Further, the JOBS Act exempts emerging growth companies from being required to comply with new or revised financial accounting standards until private companies (that is, those that have not had a Securities Act registration statement declared effective or do not have a class of securities registered under the Exchange Act) are required to comply with the new or revised financial accounting standards. The JOBS Act provides that a company can elect to opt out of the extended transition period and comply with the requirements that apply to non-emerging growth companies but any such election to opt out is irrevocable. The Company has elected to take advantage of the extended transition period that allows an emerging growth company to delay the adoption of certain accounting standards until those standards would otherwise apply to private companies, which means that the financial statements included in this filing, as well as the financial statements we will file in the future, will be subject to all new or revised accounting standards generally applicable to private companies.
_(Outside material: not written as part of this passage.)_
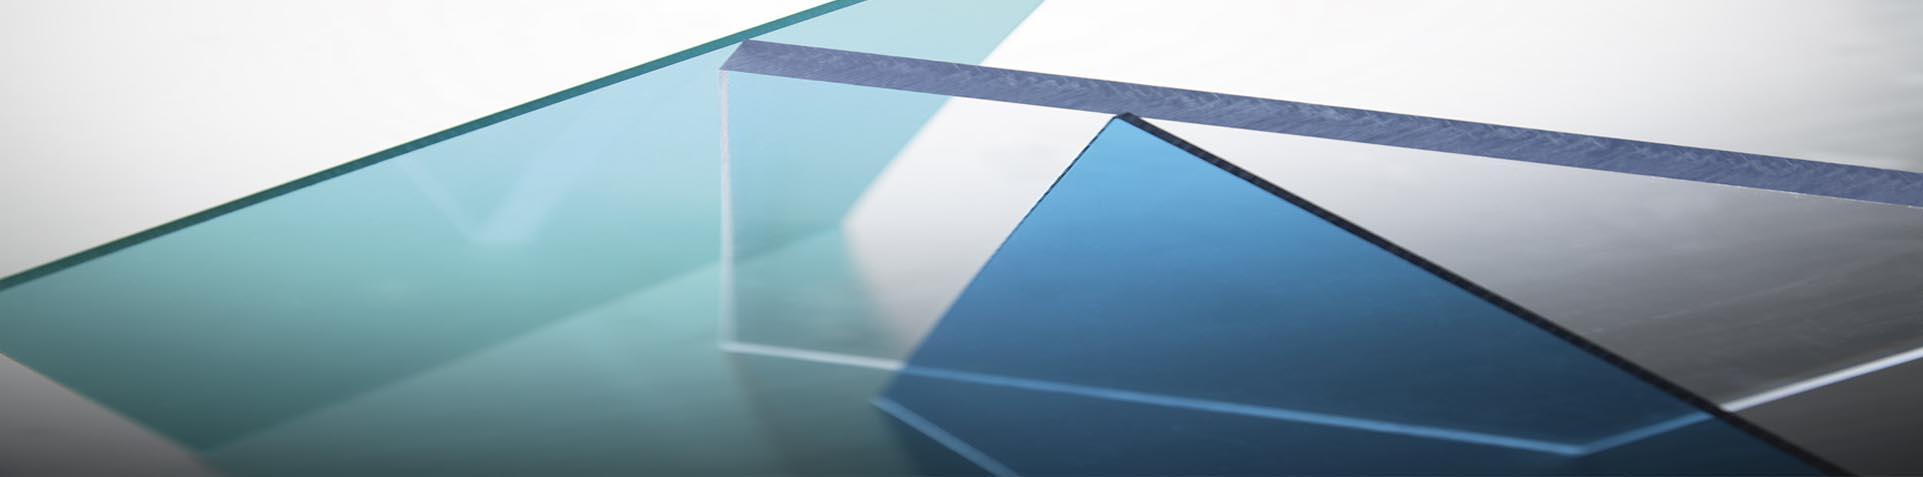 Tấm lợp lấy sáng thông minh polycarbonate Sơn Băng

As a result, we will comply with new or revised accounting standards to the same extent that compliance is required for non-public companies.
Item 3. Quantitative and Qualitative Disclosures About Market Risk.
The information required by this Item 3 is discussed in Part 1 – Item 2 – Management’s Discussion and Analysis of Financial Condition and Results of Operations under the heading “Market and Liquidity Risk.”
Item 4. Controls and Procedures.
Evaluation of Disclosure Controls and Procedures
Management, including our President and Chief Executive Officer and Chief Financial Officer, has evaluated the effectiveness of our disclosure controls and procedures (as defined in Exchange Act Rules 13a-15(e) and 15d-15(e)) as of the end of the period covered by this report. Based upon that evaluation, our President and Chief Executive Officer and Chief Financial Officer concluded that our disclosure controls and procedures were effective to ensure that information required to be disclosed in the reports we file and submit under the Exchange Act is (i) recorded, processed, summarized and reported as and when required and (ii) accumulated and communicated to our management, including our President and Chief Executive Officer and the Chief Financial Officer, as appropriate to allow timely decisions regarding required disclosure.
Changes in Internal Control over Financial Reporting
There has been no change in our internal control over financial reporting during the three months ended September 30, 2017, that has materially affected, or is reasonably likely to materially affect, our internal control over financial reporting.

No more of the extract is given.